However, if the number of the nozzles arranged as stated above is
small or many nozzles are to be arranged as stated above, the size
of the combustor itself becomes disadvantageously large.
SUMMARY OF THE INVENTION
It is an object of this invention to provide a gas turbine
combustor which can prevent the burning of premixed flame-formation
nozzles due to the backflow of high-temperature combustion gas.
In the conventional gas turbine combustor, since the clearances
between the outer peripheries of the adjacent premixed
flame-formation nozzles are not constant, most of the cooled air
flows out from the portions between the adjacent premix nozzles and
the combustor inner cylinder and the like.
In the gas turbine combustor according to one aspect of the present
invention, the nozzle outlet of the premixed flame-formation
nozzles are shaped so that the clearances between the outer
peripheries of the adjacent premixed flame-formation nozzles have
same dimensions at the nozzle outlets. Therefore, the cooled air
flows even into the portions between the adjacent premixed
flame-formation nozzles. As a result, it is possible to suppress
combustion gas from flowing back to the portions between the
adjacent premixed flame-formation nozzles and to prevent the
portions between the adjacent premixed flame-formation nozzles from
being burned.
In the gas turbine combustor according to another aspect of the
present invention, sealing members which are provided between the
premixed flame-formation nozzles adjacent each other, respectively
make the clearances between the premixed flame-formation nozzles
adjacent each other have same dimensions at nozzle outlets.
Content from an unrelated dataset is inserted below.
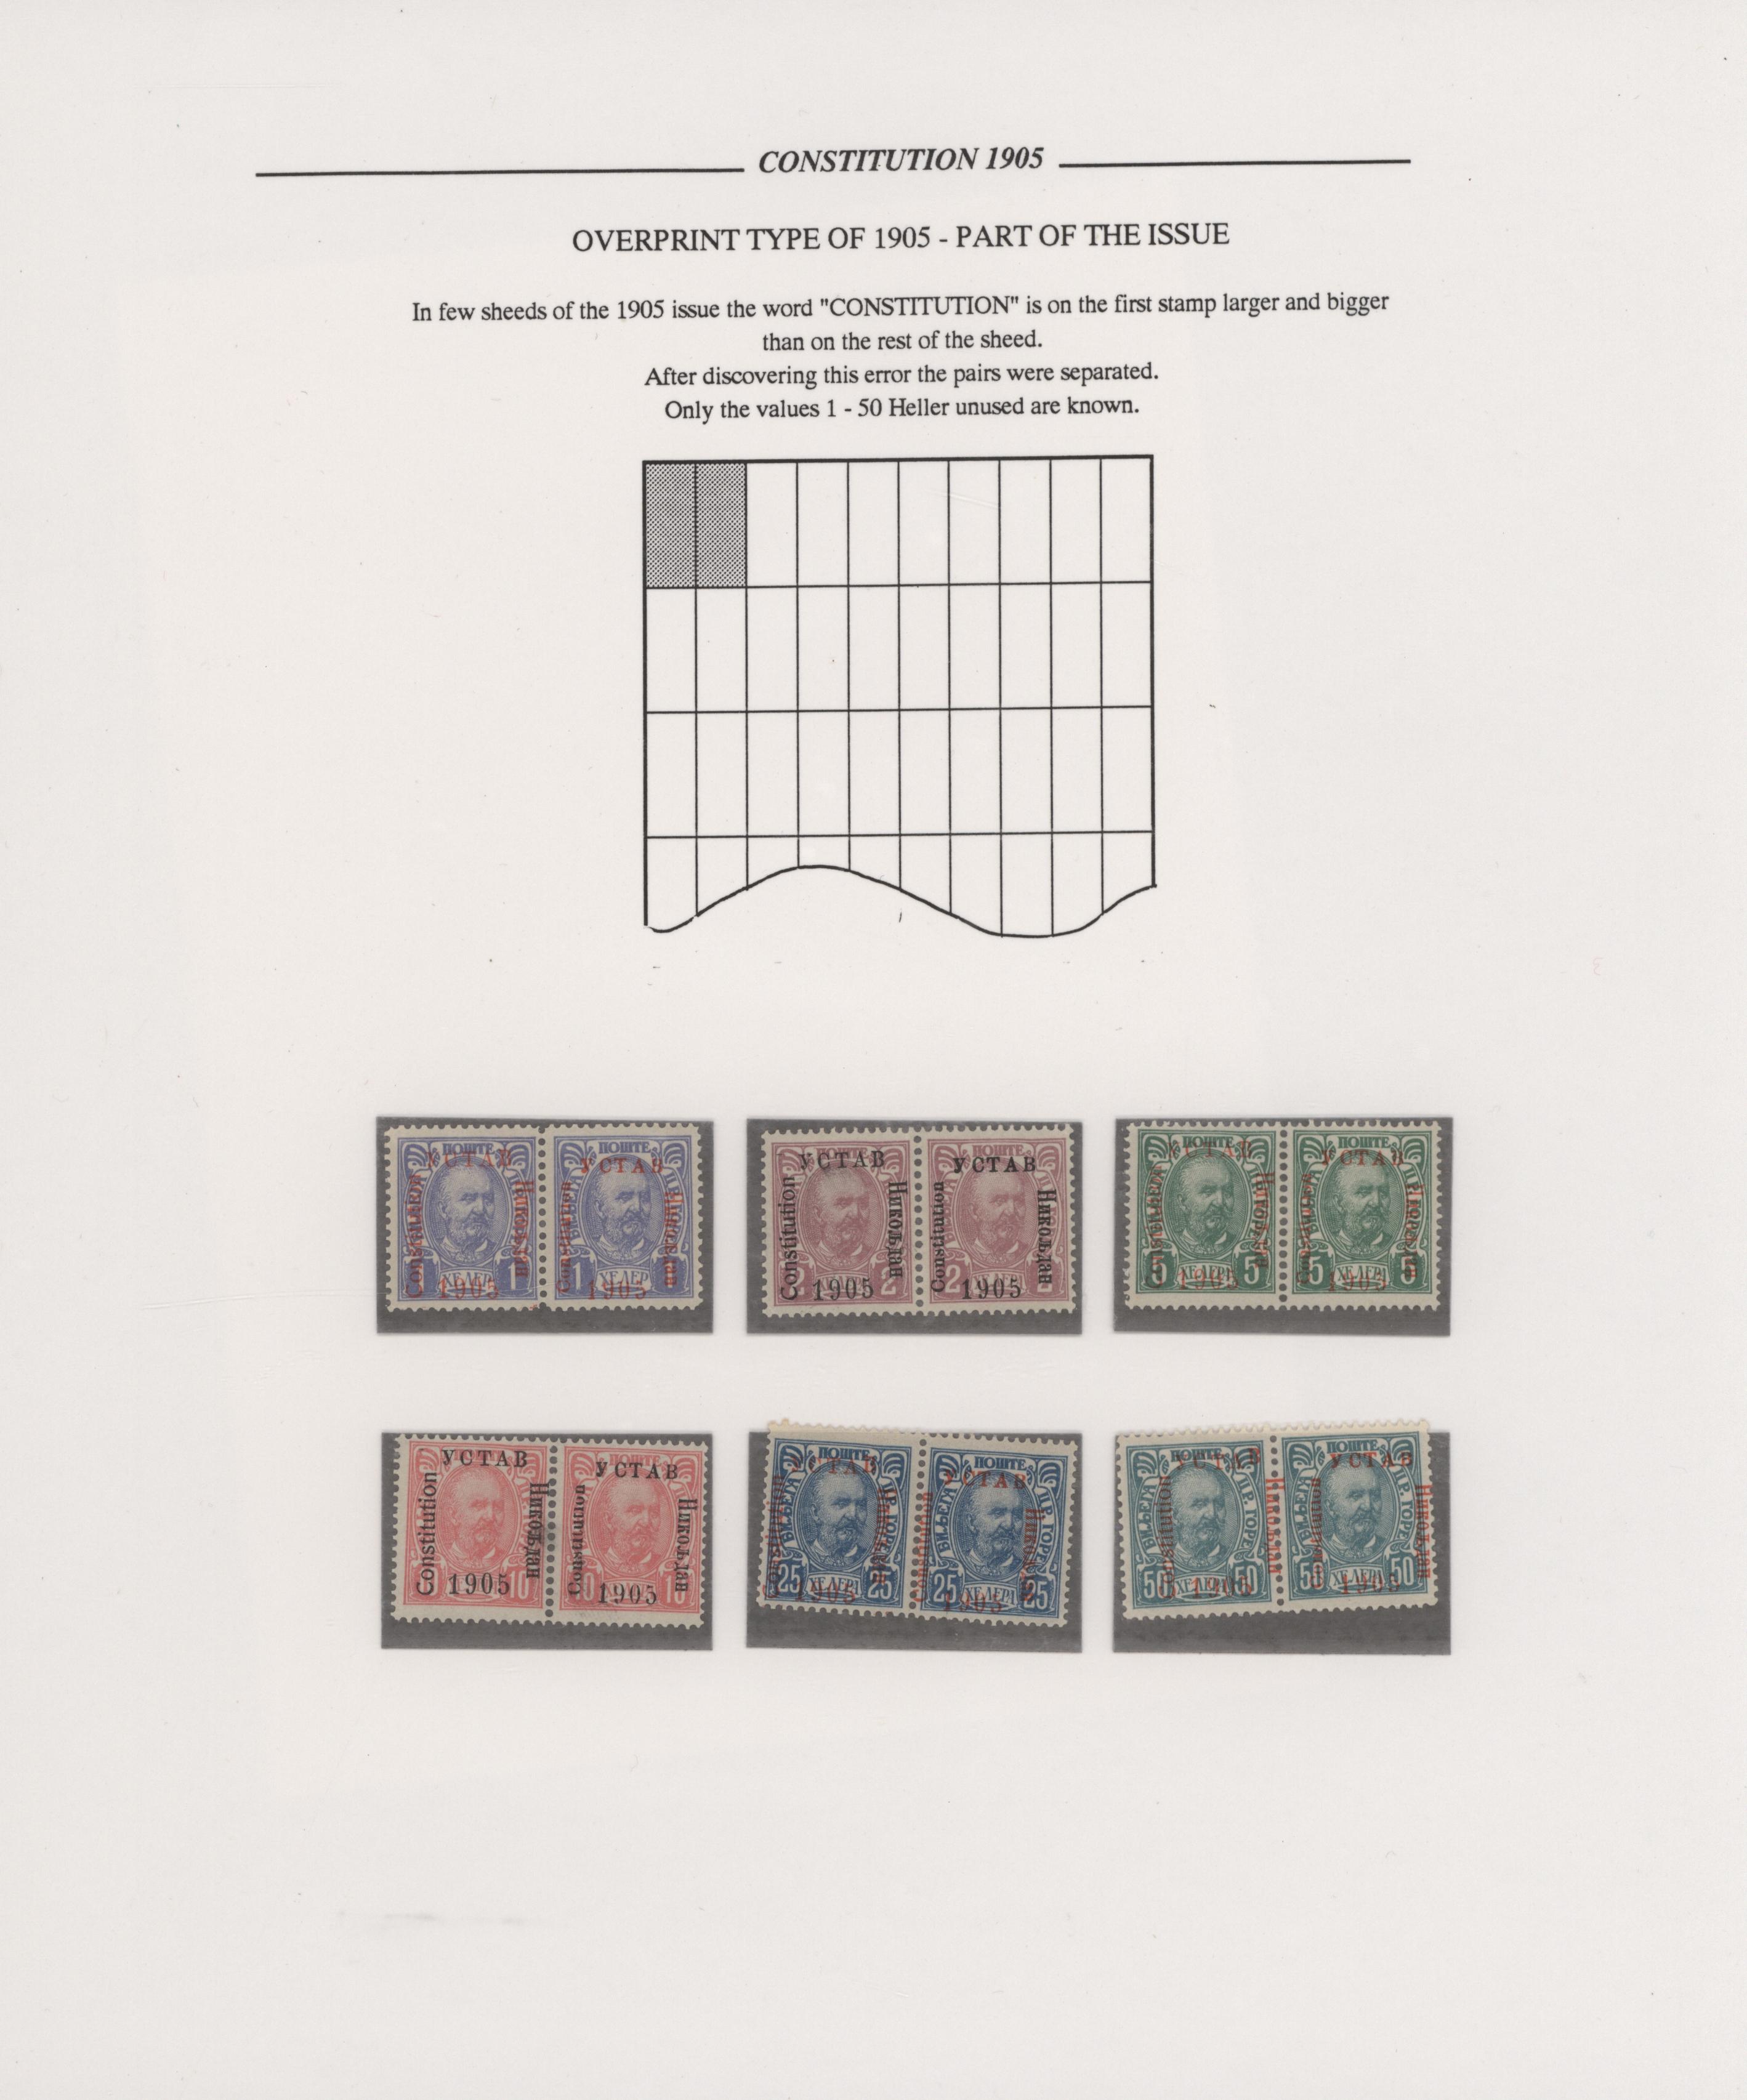 Lot 00257 - monténégro  -  Auktionshaus Christoph Gärtner GmbH & Co. KG 50th Auction Anniversary Auction - Day 8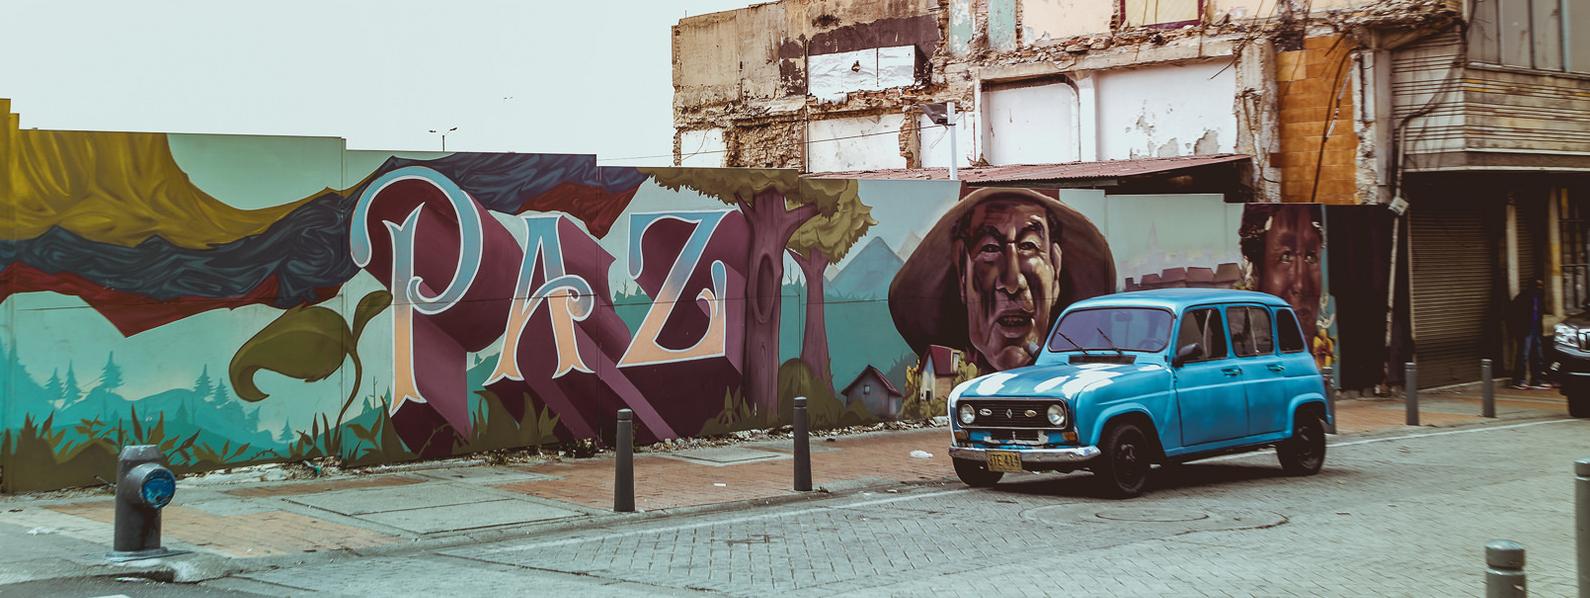 Hip Hop en Colombia  una historia que no se termina de contar 15d8b55e609

Therefore, the cooled air flows even into the portions between the
adjacent premixed flame-formation nozzles, thereby making it
possible to suppress the backflow of combustion gas into these
portions. As a result, it is possible to prevent the portions
between the adjacent premixed flame-formation nozzles from being
burned.
In the gas turbine combustor according to still another aspect of
the present invention, by providing the sealing members in the
generally triangular spaces, clearances of almost same dimensions
are generated between the outer peripheries of the premixed
flame-formation nozzles. Therefore, most of the cooled air is
passed through the clearances, so that it is possible to suppress
combustion gas from flowing back to the portions between the
adjacent premixed flame-formation nozzles and to prevent the
portions between the adjacent premixed flame-formation nozzles from
being burned.
In the gas turbine combustor according to still another aspect of
the present invention, the inside of the combustor inner cylinder
and the outside of the spread flame formation cone are shaped to be
matched to the outer shape of the annular premixed flame-formation
nozzle groups with same dimensions, respectively. Therefore, the
cooled air evenly flows into the peripheries of the premixed
flame-formation nozzles. It is, therefore, possible to suppress the
backflow of combustion gas in the direction of the adjacent
premixed flame-formation nozzles. As a result, it is possible to
prevent the portions between the premixed flame-formation nozzles
from being burned.
Other objects and features of this invention will become apparent
from the following description with reference to the accompanying
drawings.
BRIEF DESCRIPTION OF THE DRAWINGS
FIG. 1 is a front view of a gas turbine combustor according to a
first embodiment of the invention,
FIG. 2 is a front view of a modification of the gas turbine
combustor according to the first embodiment of the invention,
FIG. 3 is a front view of a gas turbine combustor according to a
second embodiment of the invention,
FIG. 4A is a side view and FIG. 4B is a perspective view of one
example of a sealing member,
FIG. 5 is a front view of a gas turbine combustor according to a
third embodiment of the invention,
FIG. 6 is a front view of a gas turbine combustor according to a
fourth embodiment of the invention,
FIG. 7 is a front view of a conventionally used gas turbine
combustor of a multi-nozzle premix type, and
FIG. 8 is a cross-sectional view of the gas turbine combustor shown
in FIG. 7 taken in an axial direction.
DETAILED DESCRIPTIONS
Embodiments of the gas turbine combustor according to the present
invention will be described hereinafter in detail with reference to
the accompanying drawings. It is noted that this invention should
not be limited to the following embodiments. It is also noted that
constituent elements in the embodiments to be described below
include those which a person skilled in the art can easily
assume.
FIG. 1 is a front view of the gas turbine combustor according to
the first embodiment. It is noted that this invention is applicable
to not only a case of directly ejecting premixed gas from premixed
flame-formation nozzles toward a combustion chamber but also a case
of providing extension tubes at the nozzles and ejecting premixed
gas toward the combustion chamber.
A premixed flame-formation nozzle 41 according to this gas turbine
combustor has a sector-shaped outlet to thereby keep the clearance
60 between adjacent premixed flame-formation nozzles 41 constant.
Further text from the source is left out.